*PROMPT*
Give again, exactly and only, the lines running from the one with "PowerXL Air Fryer: A" to the end of the material below; leave out pictures.

*INPUT DATA*
-*-*-
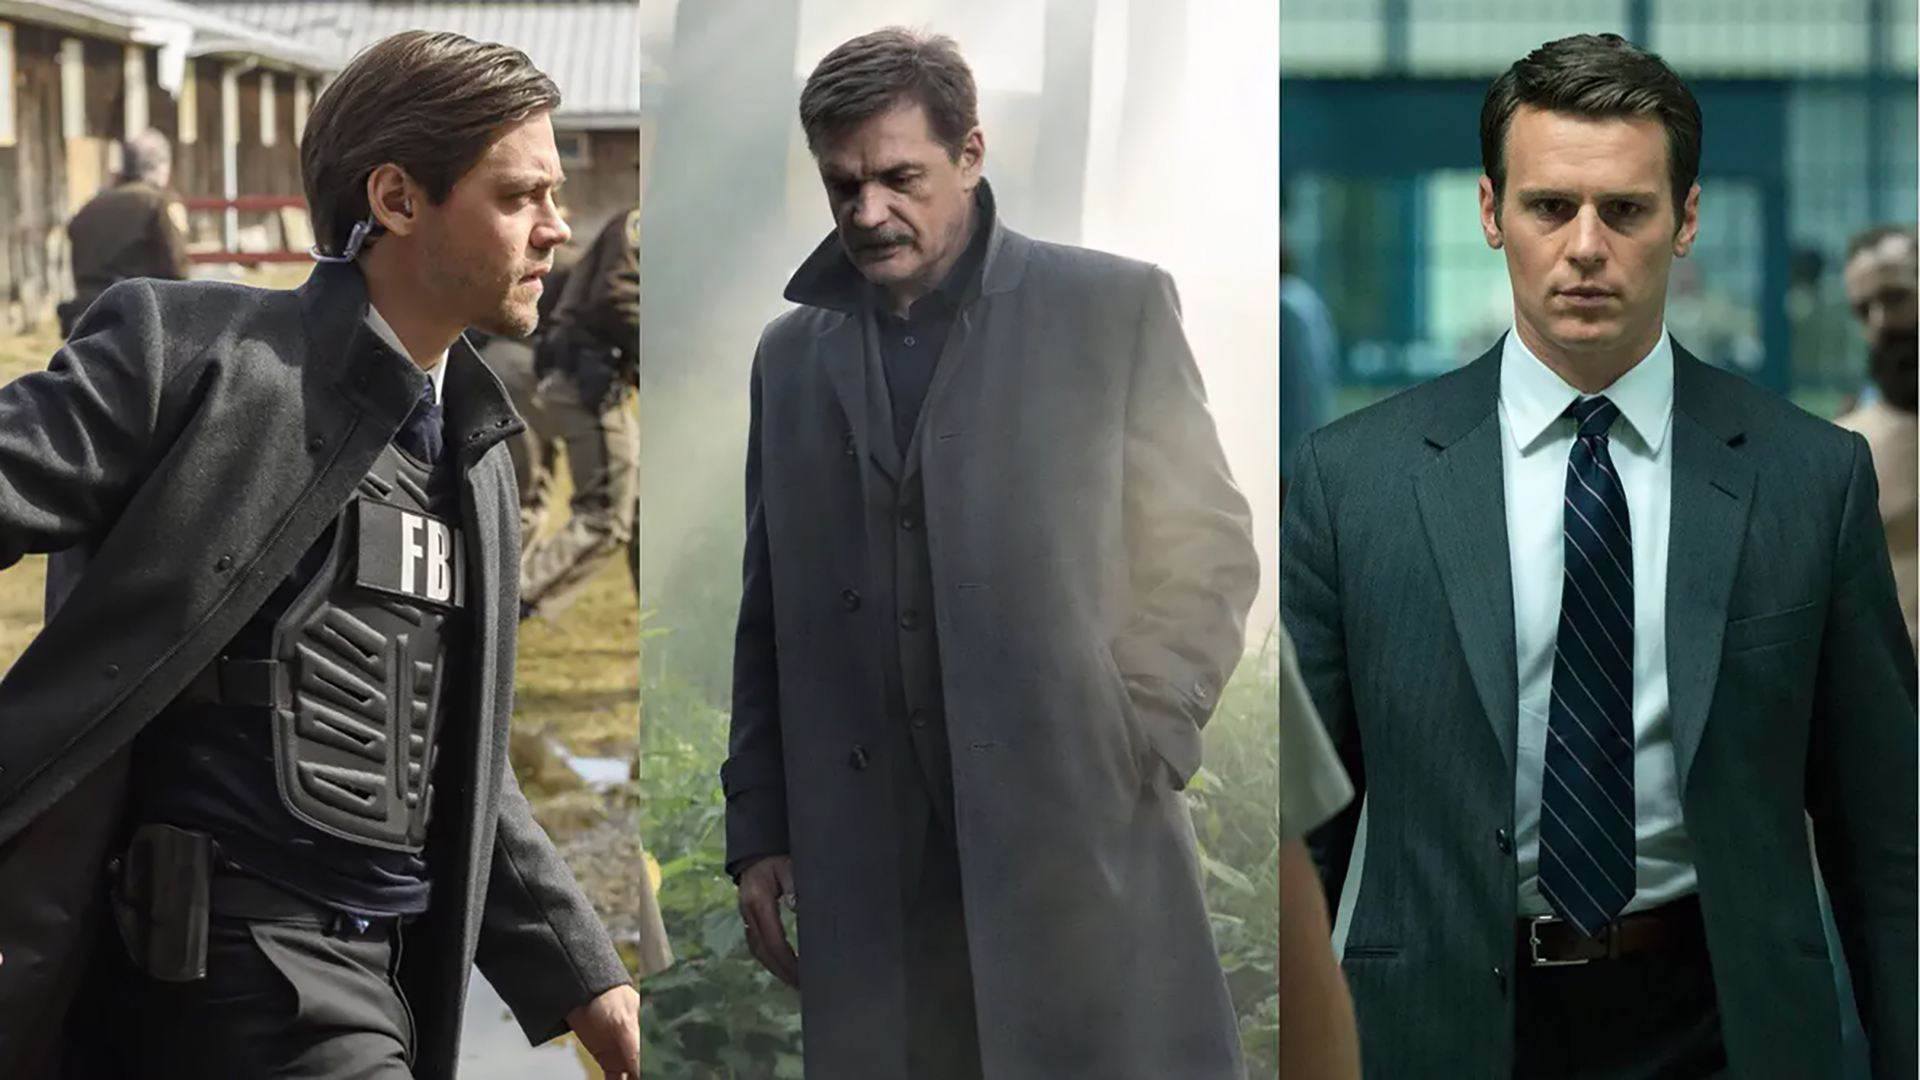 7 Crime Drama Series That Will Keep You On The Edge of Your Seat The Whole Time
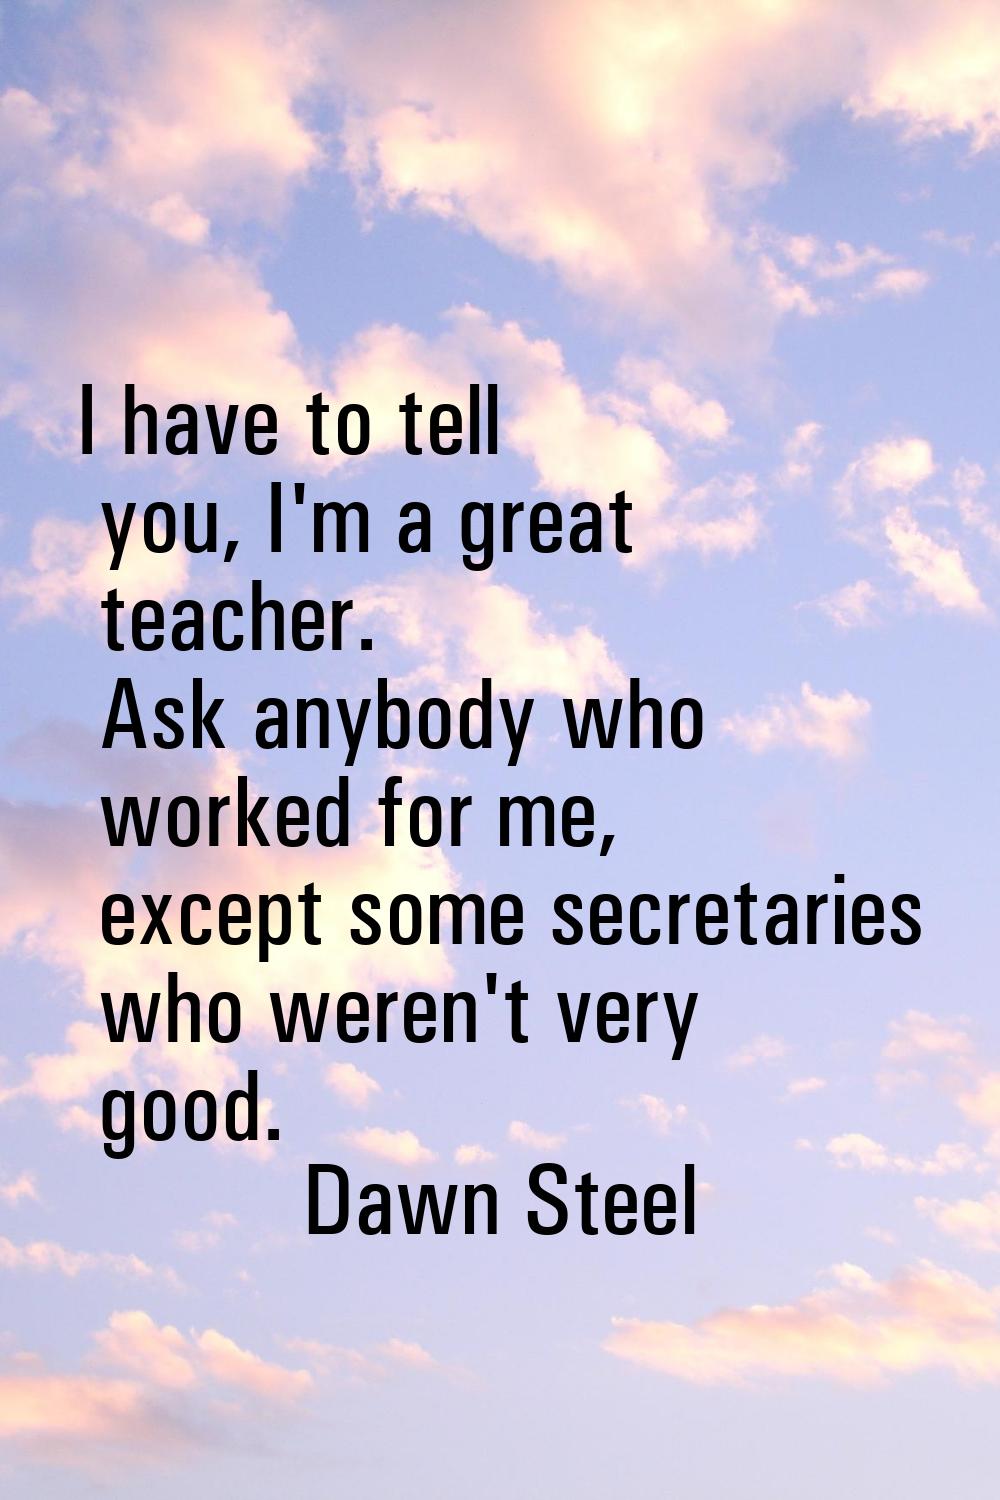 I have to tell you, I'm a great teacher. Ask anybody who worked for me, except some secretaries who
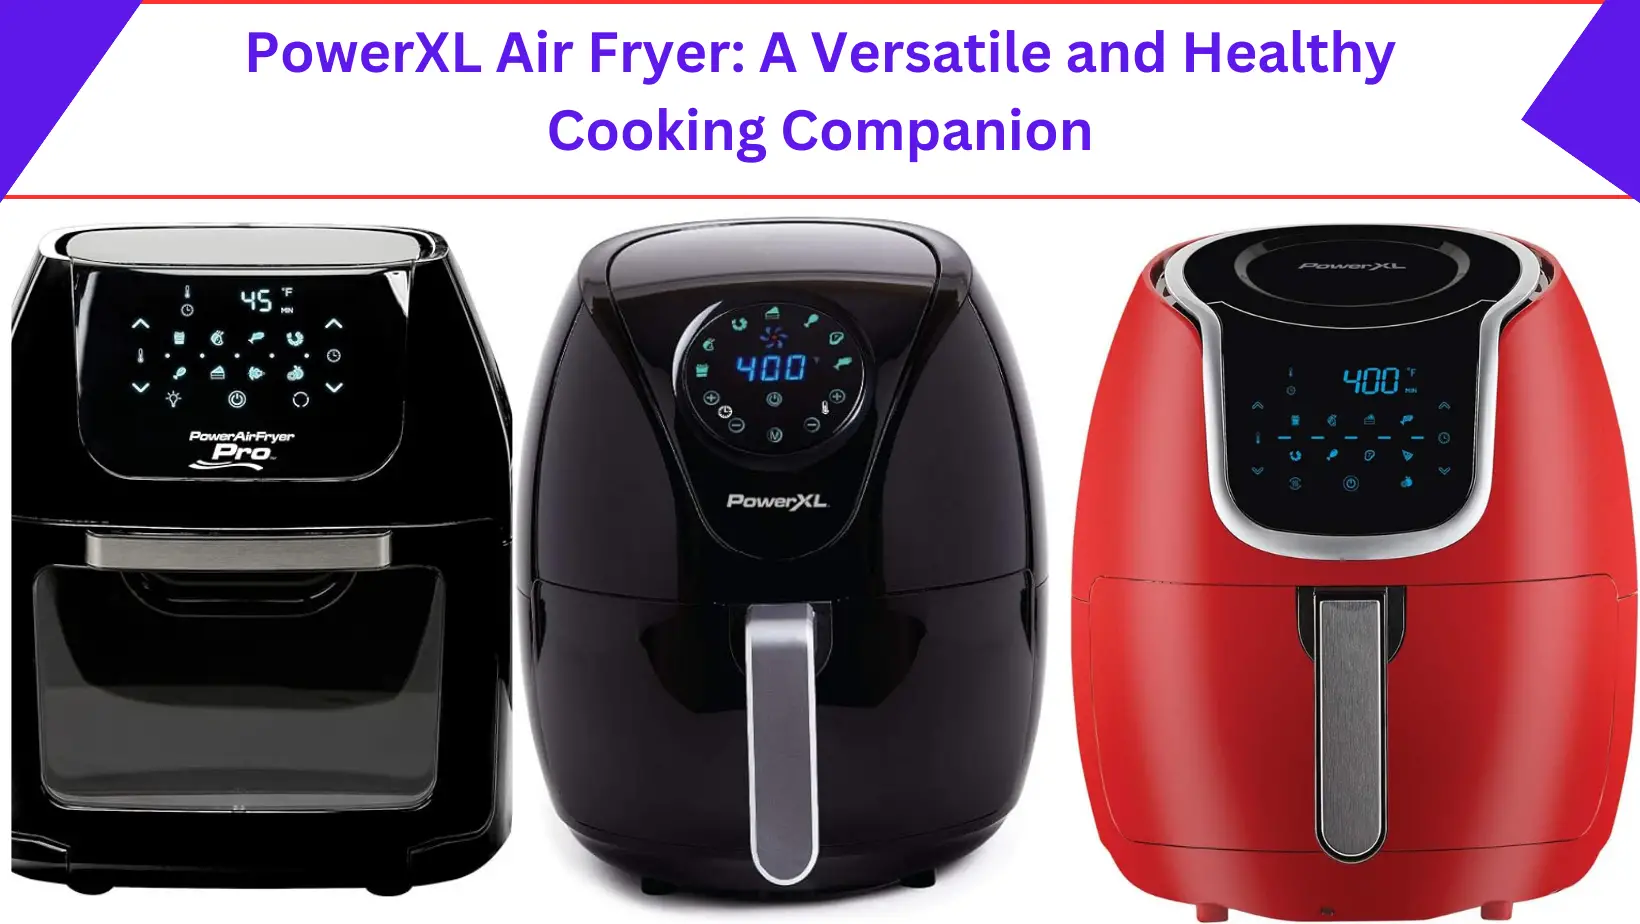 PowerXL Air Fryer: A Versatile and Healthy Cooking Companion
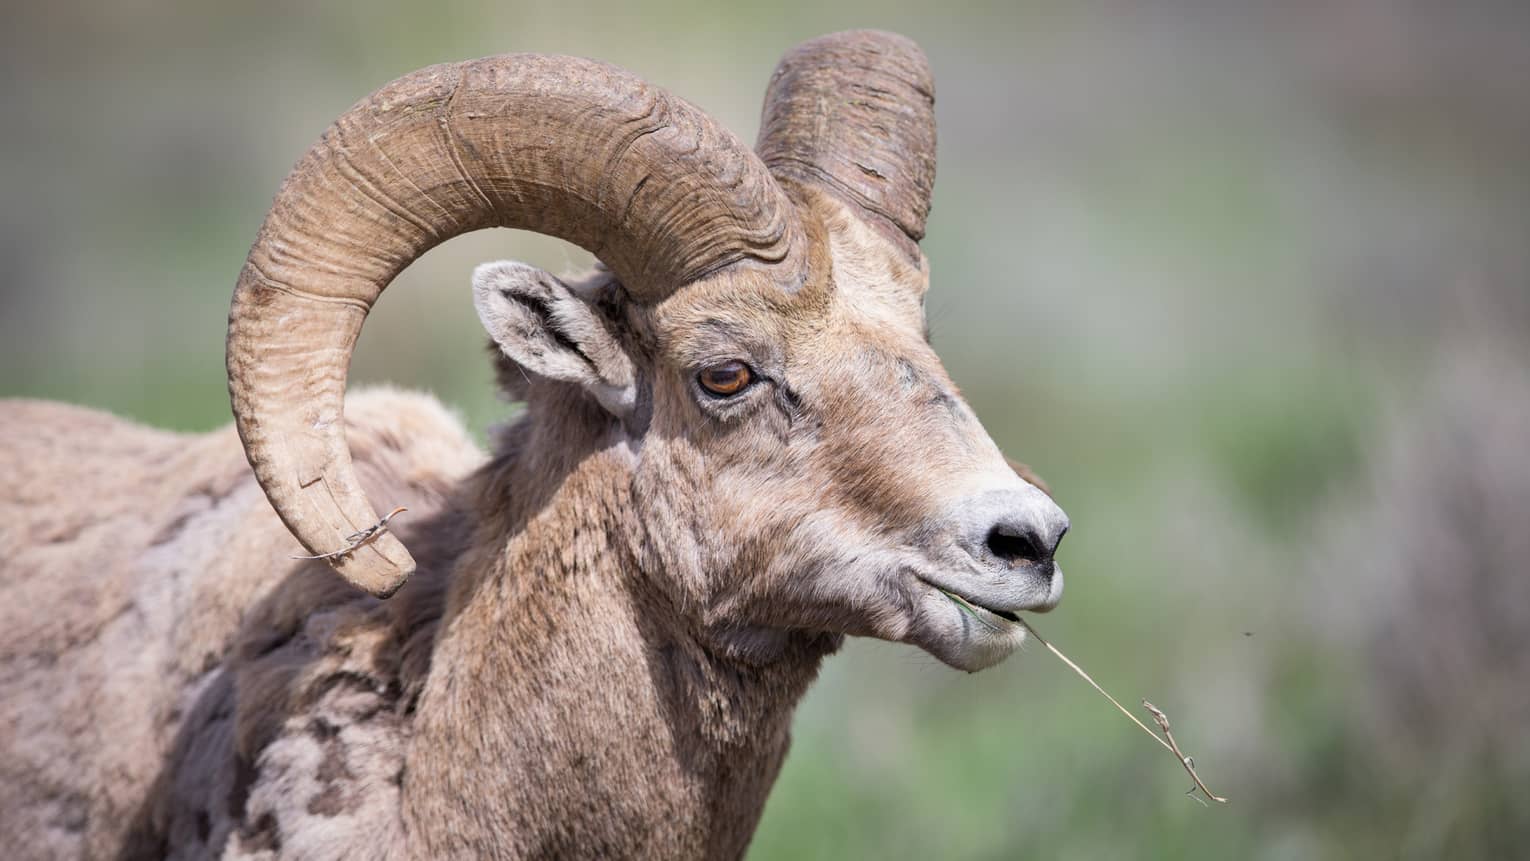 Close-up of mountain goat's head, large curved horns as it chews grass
-*-*-
*RESULT BELOW*
 PowerXL Air Fryer: A Versatile and Healthy Cooking Companion
 Close-up of mountain goat's head, large curved horns as it chews grass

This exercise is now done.